### REQUIREMENT
Your task is to reproduce exactly the lines from the line with "The Crème Shop" through the end of the records below.

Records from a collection
******

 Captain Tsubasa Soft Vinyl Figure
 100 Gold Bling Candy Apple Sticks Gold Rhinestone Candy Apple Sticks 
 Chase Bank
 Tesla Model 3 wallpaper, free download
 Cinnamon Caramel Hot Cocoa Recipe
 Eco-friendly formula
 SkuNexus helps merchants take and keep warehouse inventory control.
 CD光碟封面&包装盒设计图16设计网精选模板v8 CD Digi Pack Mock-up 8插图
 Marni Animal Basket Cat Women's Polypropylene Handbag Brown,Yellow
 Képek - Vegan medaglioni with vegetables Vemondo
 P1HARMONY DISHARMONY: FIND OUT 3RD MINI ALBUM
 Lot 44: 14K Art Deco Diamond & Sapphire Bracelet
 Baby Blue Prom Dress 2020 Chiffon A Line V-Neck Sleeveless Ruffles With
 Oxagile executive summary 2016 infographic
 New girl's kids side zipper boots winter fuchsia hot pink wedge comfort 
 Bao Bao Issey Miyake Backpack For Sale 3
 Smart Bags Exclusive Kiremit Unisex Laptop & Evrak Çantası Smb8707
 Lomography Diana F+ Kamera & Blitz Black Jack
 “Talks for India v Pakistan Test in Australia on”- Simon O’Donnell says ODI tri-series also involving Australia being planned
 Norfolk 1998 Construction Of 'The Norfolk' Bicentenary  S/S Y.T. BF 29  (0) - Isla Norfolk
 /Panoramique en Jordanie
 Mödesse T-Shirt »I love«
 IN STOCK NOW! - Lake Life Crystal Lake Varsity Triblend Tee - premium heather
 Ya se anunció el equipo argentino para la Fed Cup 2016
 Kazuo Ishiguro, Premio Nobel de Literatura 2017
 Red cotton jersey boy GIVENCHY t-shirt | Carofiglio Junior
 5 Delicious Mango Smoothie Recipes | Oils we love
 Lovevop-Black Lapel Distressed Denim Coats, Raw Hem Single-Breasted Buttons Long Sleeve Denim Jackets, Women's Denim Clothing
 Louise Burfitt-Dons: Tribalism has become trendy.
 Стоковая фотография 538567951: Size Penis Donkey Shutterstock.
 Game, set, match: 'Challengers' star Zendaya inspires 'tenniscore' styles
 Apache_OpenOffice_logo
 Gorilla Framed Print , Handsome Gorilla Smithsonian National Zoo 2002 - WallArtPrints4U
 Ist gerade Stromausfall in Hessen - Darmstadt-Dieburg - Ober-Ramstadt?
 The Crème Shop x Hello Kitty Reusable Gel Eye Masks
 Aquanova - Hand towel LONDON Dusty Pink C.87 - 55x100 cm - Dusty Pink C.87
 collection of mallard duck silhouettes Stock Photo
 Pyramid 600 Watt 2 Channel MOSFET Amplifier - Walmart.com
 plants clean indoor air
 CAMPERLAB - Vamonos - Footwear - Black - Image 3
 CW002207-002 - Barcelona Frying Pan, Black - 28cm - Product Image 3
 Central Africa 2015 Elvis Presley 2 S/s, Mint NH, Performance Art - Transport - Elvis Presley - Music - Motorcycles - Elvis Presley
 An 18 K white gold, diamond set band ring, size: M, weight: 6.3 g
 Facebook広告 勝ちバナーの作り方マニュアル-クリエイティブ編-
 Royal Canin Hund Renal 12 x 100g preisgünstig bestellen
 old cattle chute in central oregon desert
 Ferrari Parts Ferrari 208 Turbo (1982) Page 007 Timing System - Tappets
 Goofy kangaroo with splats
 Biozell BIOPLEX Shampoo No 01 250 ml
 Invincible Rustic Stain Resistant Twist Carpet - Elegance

******

### RESULT FOR THIS TASK
 The Crème Shop x Hello Kitty Reusable Gel Eye Masks
 Aquanova - Hand towel LONDON Dusty Pink C.87 - 55x100 cm - Dusty Pink C.87
 collection of mallard duck silhouettes Stock Photo
 Pyramid 600 Watt 2 Channel MOSFET Amplifier - Walmart.com
 plants clean indoor air
 CAMPERLAB - Vamonos - Footwear - Black - Image 3
 CW002207-002 - Barcelona Frying Pan, Black - 28cm - Product Image 3
 Central Africa 2015 Elvis Presley 2 S/s, Mint NH, Performance Art - Transport - Elvis Presley - Music - Motorcycles - Elvis Presley
 An 18 K white gold, diamond set band ring, size: M, weight: 6.3 g
 Facebook広告 勝ちバナーの作り方マニュアル-クリエイティブ編-
 Royal Canin Hund Renal 12 x 100g preisgünstig bestellen
 old cattle chute in central oregon desert
 Ferrari Parts Ferrari 208 Turbo (1982) Page 007 Timing System - Tappets
 Goofy kangaroo with splats
 Biozell BIOPLEX Shampoo No 01 250 ml
 Invincible Rustic Stain Resistant Twist Carpet - Elegance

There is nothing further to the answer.